文烈送的那只金的也太相似了些,使得男人那点酸酸的小心思在它身上体现得淋漓尽致。
她将那玉玲珑托在掌心端详一阵,看了他一眼,问道:“从王妃那儿偷来的?”
“诶?怎么能是偷呢?”
覃柏纠正道:“我给朝廷打了这么大胜仗,从皇上赏赐下来的金山里挑出件上好的送给心爱之人,这不算过分吧?……悄悄拿的。”
雪河一听,勾了勾嘴角,将那物攥在掌心,不由笑道:“你可仔细那管家婆日后问起来,帐面对不上,看你要怎么圆谎!”
“好歹我也是王爷,这点东西还是能做主的!”
“好啦,不难为你了。”
雪河笑着把东西收进怀里,扯扯他的袖子,嗔道:“一个大男人,动不动就下跪,像什么话!”
雪河的娘是上古战神,高居离恨天的长公主重黎,身份尊贵;而爹爹则只是凡间一位普通的兰花仙,本尊是……一棵盆栽。
由于身份相差悬殊,天庭的八卦小仙们私底下也常悄悄议论,说这位离恨天的驸马其实就只有皮相长得好看罢了,空有一身讨女人欢心的本事而已、终归还是个吃软饭的——但是在雪河的印象中,爹娘关系融洽,相敬如宾,甚至连吵架拌嘴也是极少的。

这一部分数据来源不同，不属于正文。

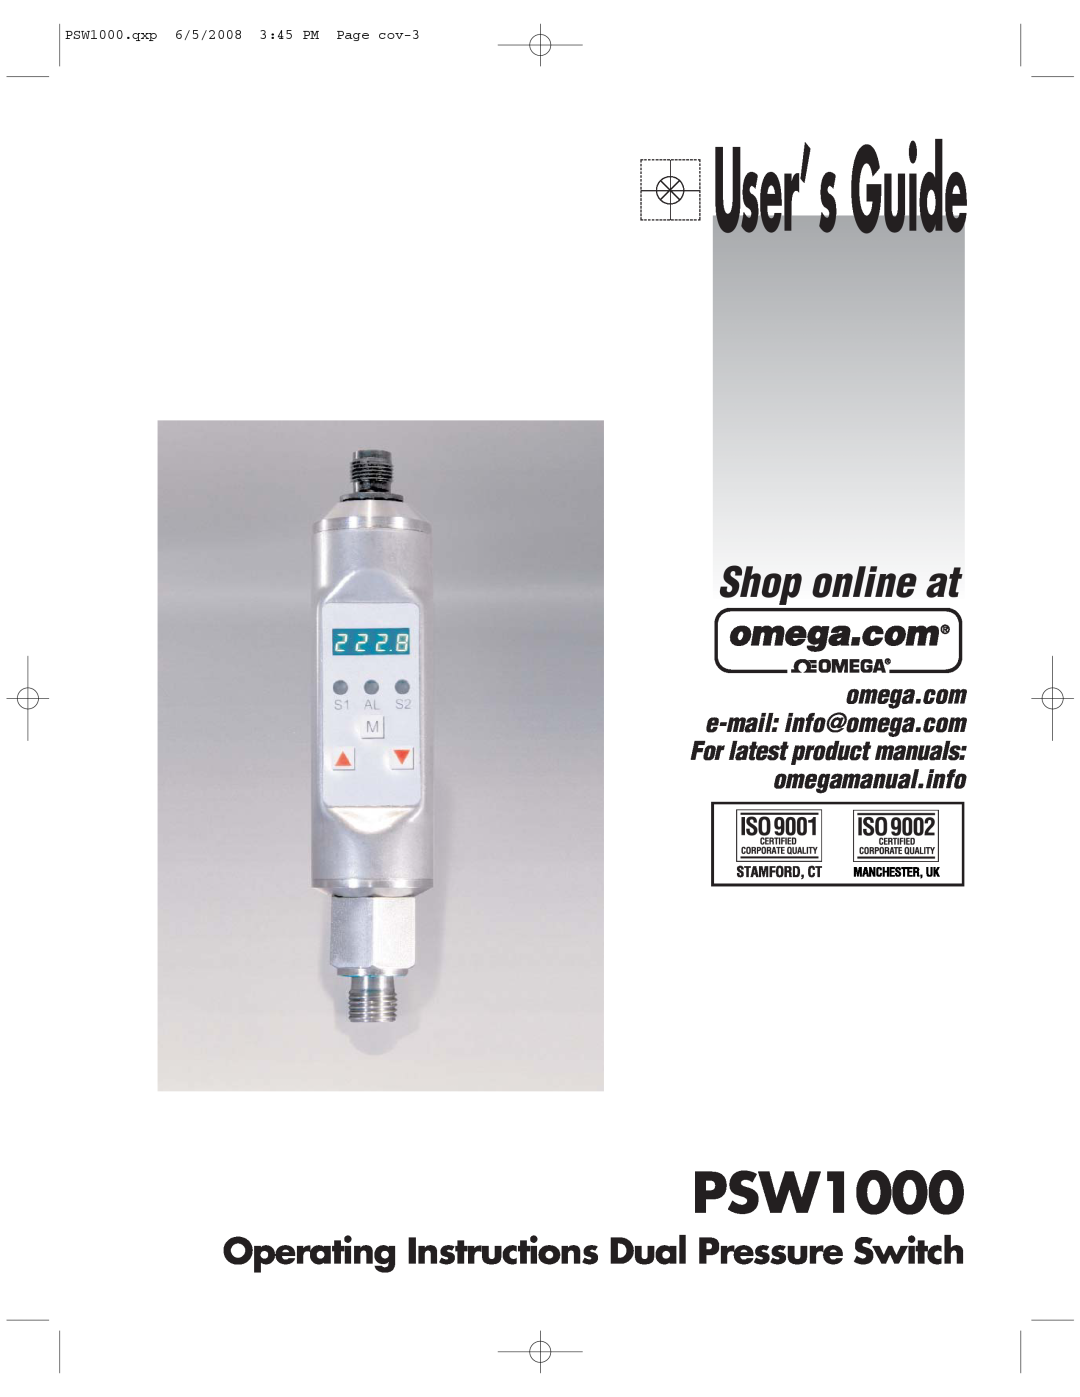 Omega Engineering PSW1000 manual User’ sGuide, Shop online at, Operating Instructions Dual Pressure Switch

重点是,这普天下的神仙见了阿娘皆是卑躬屈膝的,阿娘若是发起脾气,就连做天帝的舅舅都要让她三分!然而在家里,她那股高高在上的威风竟是一分也没,明明跟普通的夫妻也并没什么不同嘛。
说出来可能没人信,为人妻的阿娘说话永远是和风细雨、爹爹也从来都是温文尔雅,只有九个哥哥姐姐古怪变态得各有千秋。
——或者说是我见识少,你们凡间讨老婆欢心的方式都这么客气吗?
覃柏见她喜欢,也笑道:“我娘常说:男儿膝下有黄金,但是跪自己老婆不算丢人,惹老婆哭才丢人呢!”
雪河被他的话逗得笑了半晌,老半天才略略止住,伸臂环过他的脖子,正色说道:“我雪河看上的男人,就算不是盖世英雄,也要是顶天立地的汉子!必然是要风得风、要雨得雨的大人物!你可不许给我丢人!”
谁知覃柏一听立马怂了,苦着脸说道:“刮风下雨这事我在行……只是前面那个要求,我可能,大概也许,真的有点够呛啊。”
“怕什么!”
雪河杏眼一瞪:“不是我吹牛,我本事可大着呢!这天底下还真就没有我办不到的事!”